While it has been previously shown that individual cellular shape and differentiation are regulated by extracellular stiffness,8,23,49,75,76 our data highlight the fact that interacting cell populations within a tissue require an in-vivo-like elastic modulus to support the tissue's ability to self-organize, develop, and achieve homeostasis. The normal structure of a secretory acinar unit, in which AQP5-expressing cells form a spherical structure surrounded by a layer of SM α-actin-positive myoepithelial cells adjacent to the basement membrane, was achieved when SMG organ explants were cultured at the in-vivo-like, 0.48 kPa modulus. At high stiffness, we detected aberrant phenotypes, including abnormally shaped proacinar structures and lumenized proacinar structures lacking myoepithelial cells. Although previous research suggested that morphogenesis and differentiation are separate processes in the salivary gland,77 our data argue an interdependence of form and function.

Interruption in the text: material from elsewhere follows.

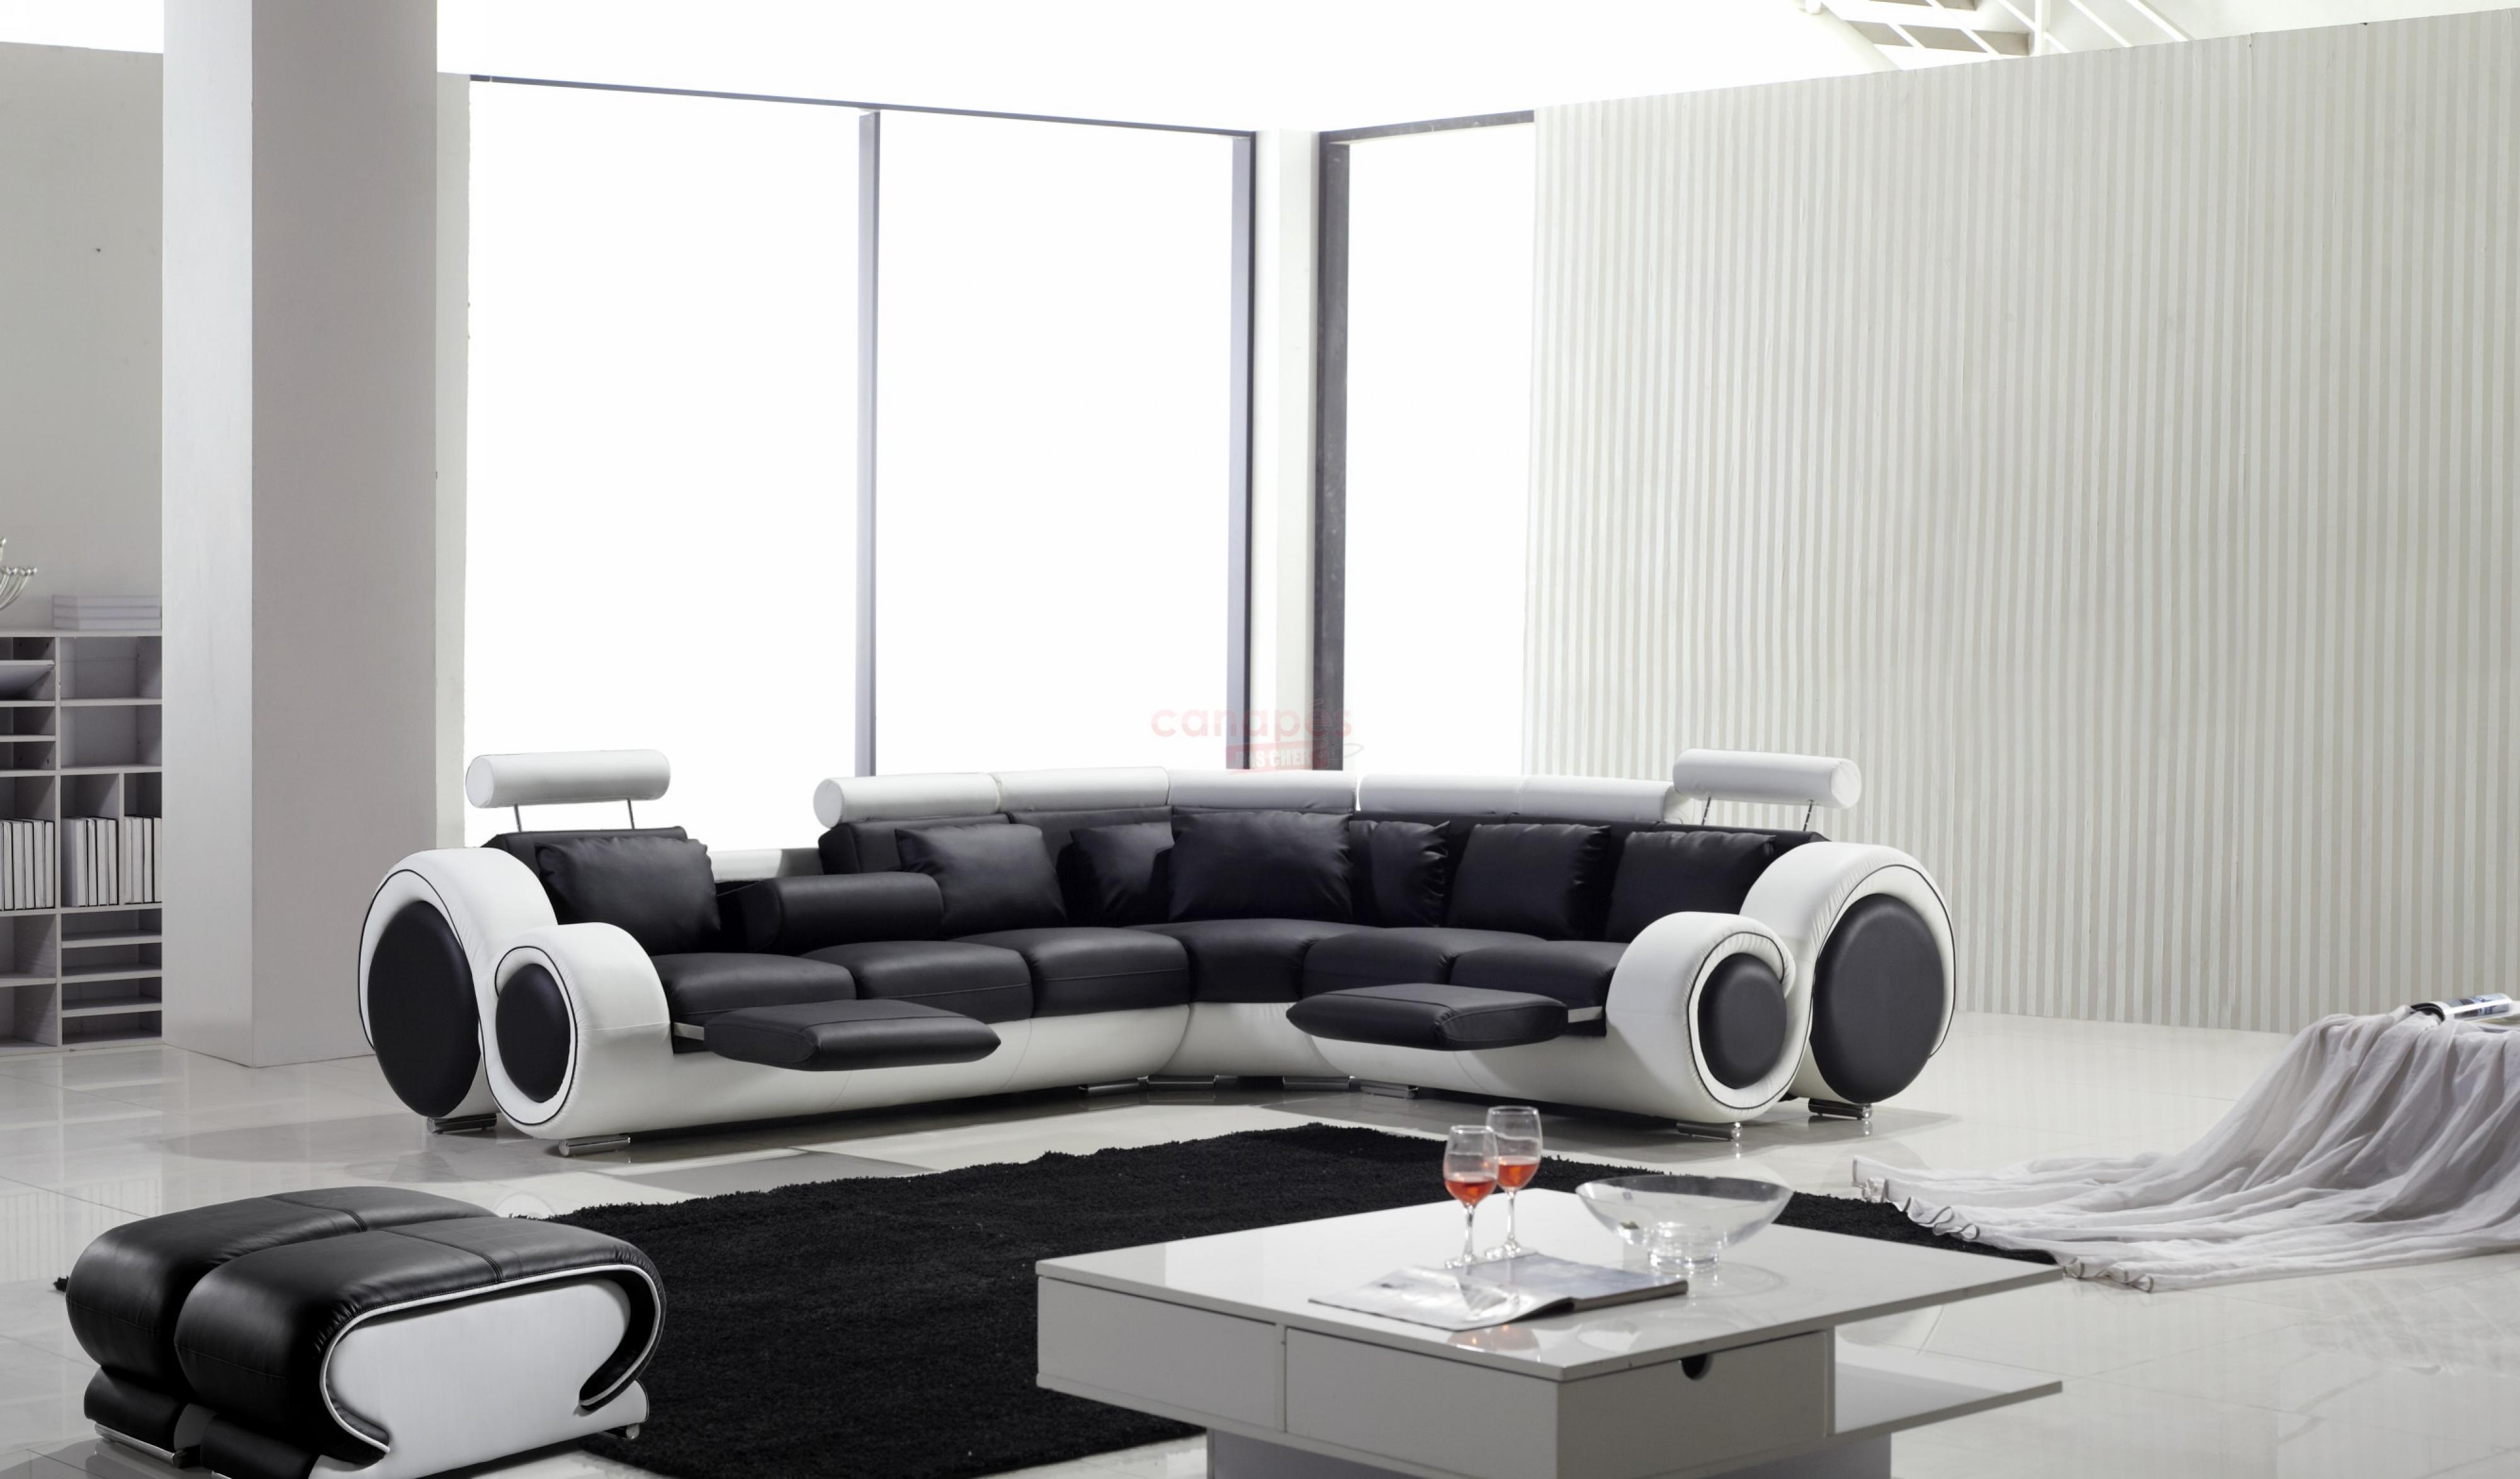 Photos canap d 39 angle design noir et blanc - Canaper noir et blanc ...

In secretory organs such as salivary and mammary glands, the myoepithelium is reported to regulate acinar architecture; provide cues to the luminal cells for proliferation, differentiation, and polarization; and participate in stromal–epithelial interactions.32,78 Recent evidence also indicates a role for the myoepithelium in suppressing tumorigenesis.32,64,79,80 This suggests that these secretory tissues require bilayered acinar structures to support both the development and homeostasis of a functional organ. Scaffolds are often designed to support specific functional cell types, but given that mechanical cues affect different cell types differently, it may be more important to create scaffolds that can allow multiple interacting cells to self-organize. Our data indicate that the compliant, 0.48 kPa scaffold promoted the distribution of buds homogenous in structure and differentiation within both myoepithelial and secretory acinar populations. At high stiffness, the heterogeneous structure of the explants' shapes and extent of differentiation are structurally similar to that of certain cancers.81,82 Engineered scaffolds of appropriate stiffness may be required for tissues to achieve homeostasis and avoid progressing to a disease state. Further, the rescue of a tissue having abnormal morphology with a scaffold of the in-vivo-like compliance suggests that scaffolds of appropriate compliance may help to promote tissue regeneration or reversal of disease states, as with differentiation therapy.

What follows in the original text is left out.